Oxygen is an essential element for brain activity. The brain is a metabolic engine that requires 20% of the body’s metabolic energy, despite being only 2% of the human body mass . Two thirds of brain’s metabolic energy is dedicated to supporting neural spiking activity. Much of the O2 dependent ATP metabolism in single neurons is used by energetic Na/K-ATPase pumps that transport 3Na+ outwards with 2K+ inward against their concentration gradients for each ATP hydrolyzed [2,3]. However, understanding the relationship between seizures and real-time oxygen dynamics has been restricted by current technical limitations. Computational models can offer insight to help understand the measurements from experiments.

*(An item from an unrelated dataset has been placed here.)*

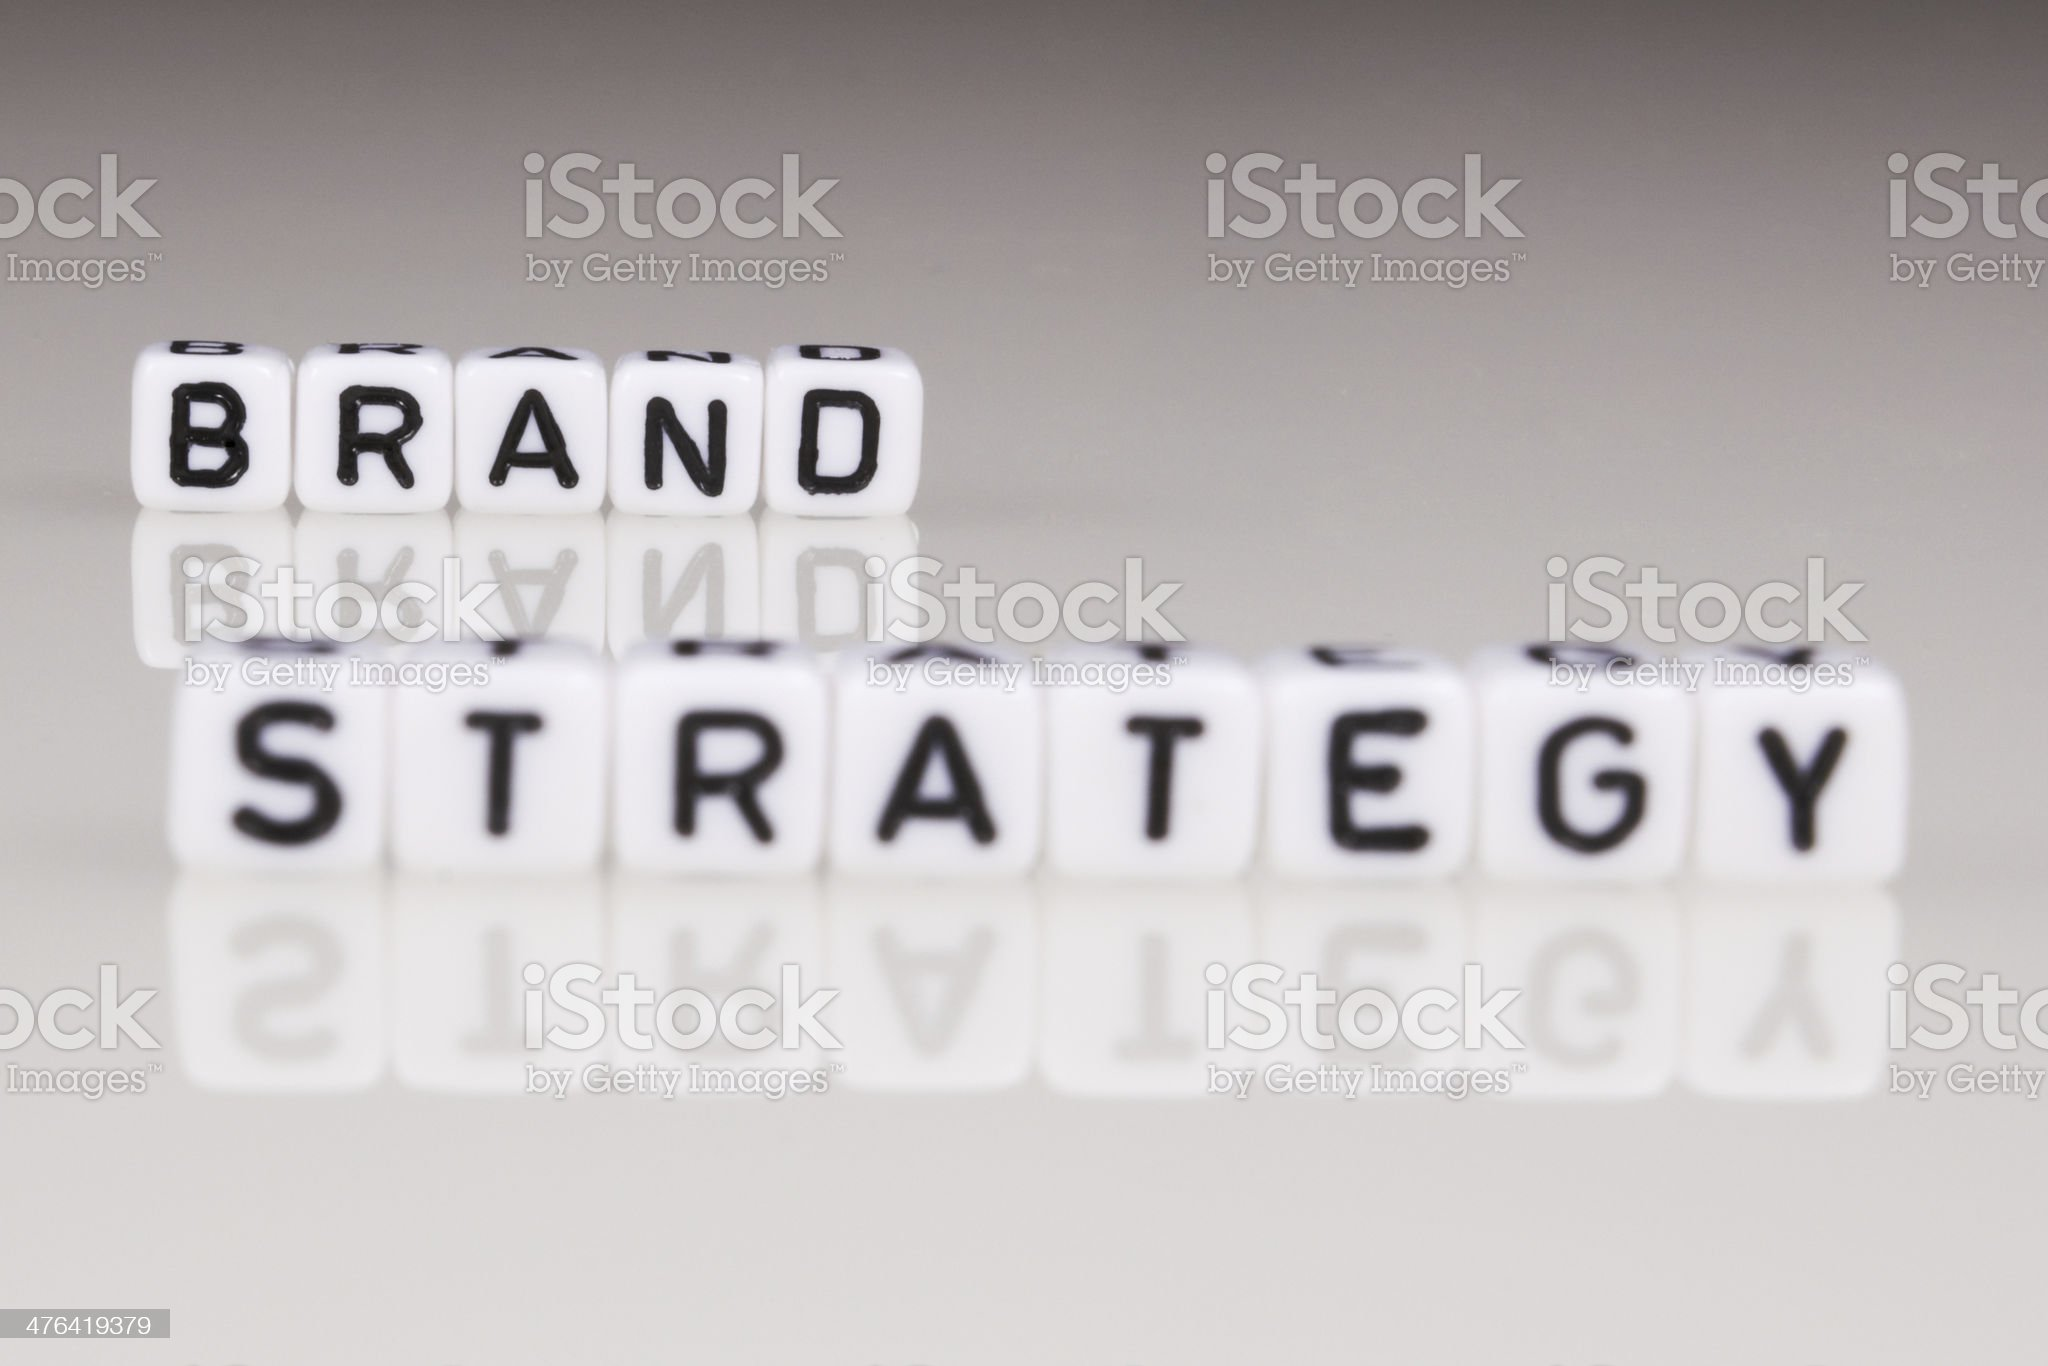 Brand Strategy royalty-free stock photo

We have performed experiments relating seizure activity at the cellular level with simultaneous real-time O2 microdomain measurements. In this paper, we build a mathematical neuron model that extends the Hodgkin-Huxley formalism containing leak currents for sodium, potassium and chloride ions, transient sodium currents, and delayed rectifier potassium currents. This neuron was embedded within an extracellular space and a simplified glia-endothelium system. The Na+ and K+ ion concentrations as well as extracellular oxygen density were continuously estimated. Hypoxia was modeled by reducing both neuron and glial Na/K-ATPase pump activities.

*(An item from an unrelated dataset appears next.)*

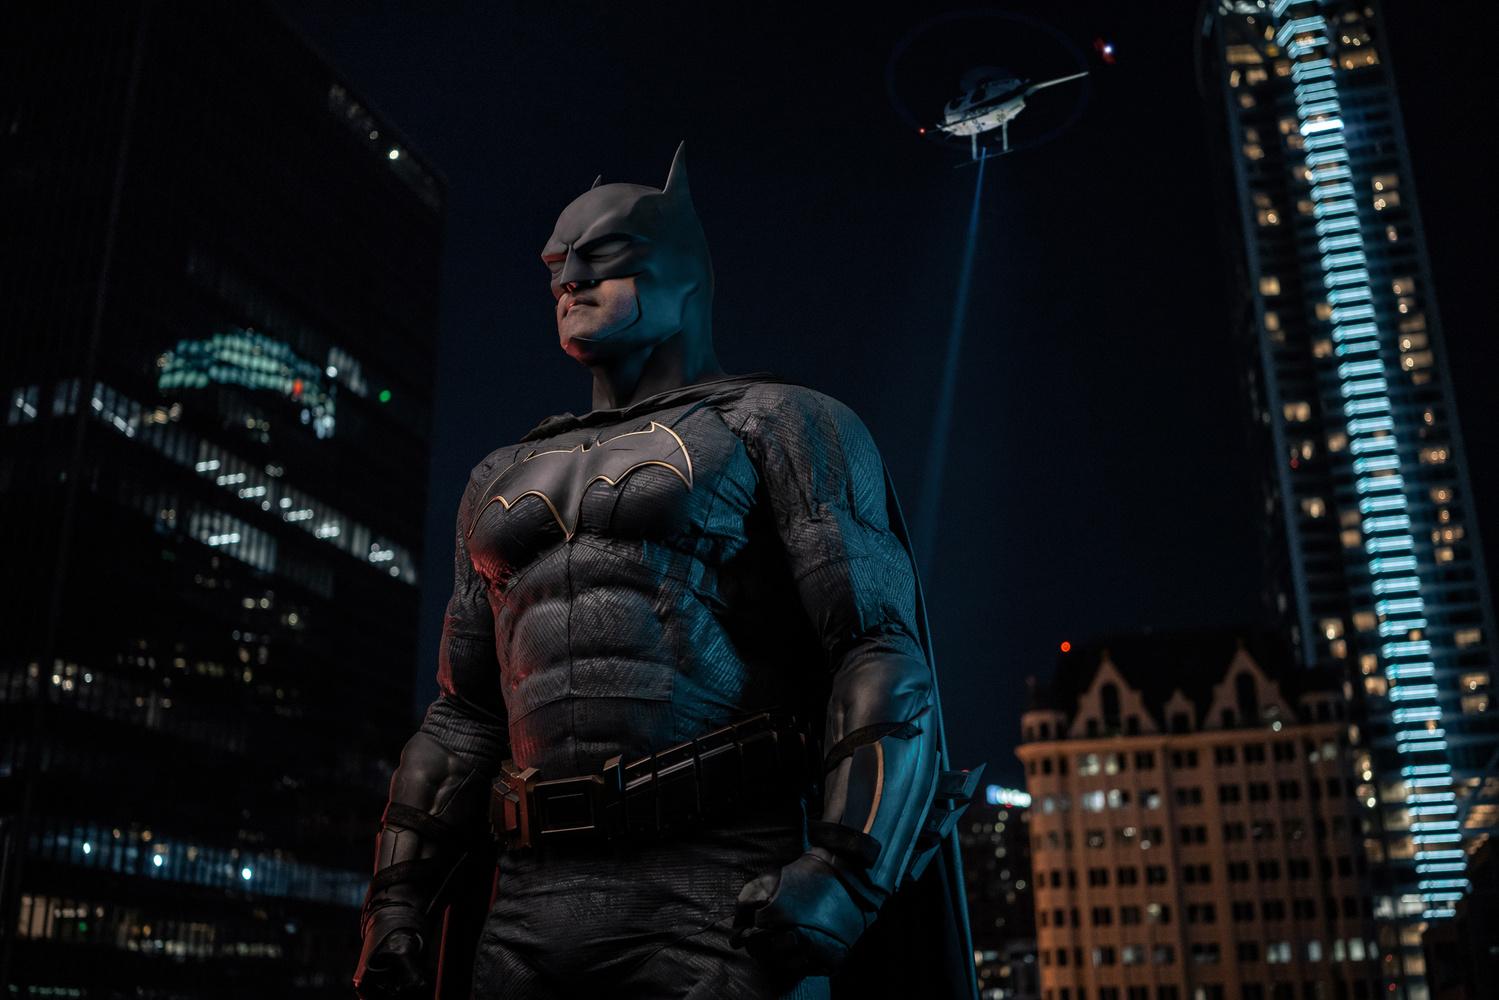 Batman by Ilya Nodia

During seizure events, the extracellular K+ and intracellular Na+ were increased, which further activated the Na/K-ATPase pump activity. Energy (ATP) and O2 demand were simultaneously increased. Therefore, local available [O2] decreased substantially during seizure events, and the apparent O2 debt substantially outlasts the intense electrical activity of a seizure, as shown in Figure 1. This result is consistent with experimental data . We also observed that hypoxia alone can induce seizure like events, which occurs only in a narrow range of bath oxygen pressure, reflecting experimental observations. Lastly, we reproduced the interplay between excitatory and inhibitory neurons seen in experiments. Our model accounts for the different [O2] levels that we have observed during seizures in pyramidal cell layers vs. inhibitory (oriens lacunosum moleculare) cell layers. Our work suggests the critical importance of modeling extracellular ion concentration and oxygen dynamics to properly understand the underlying mechanisms behind seizure and related phenomena.
Figure 1. Membrane potentials (top trace), extracellular potassium concentration (middle trace), and oxygen density (bottom trace) from a single model neuron during a seizure event. The time course of [O2] debt is qualitatively similar to that observed experimentally.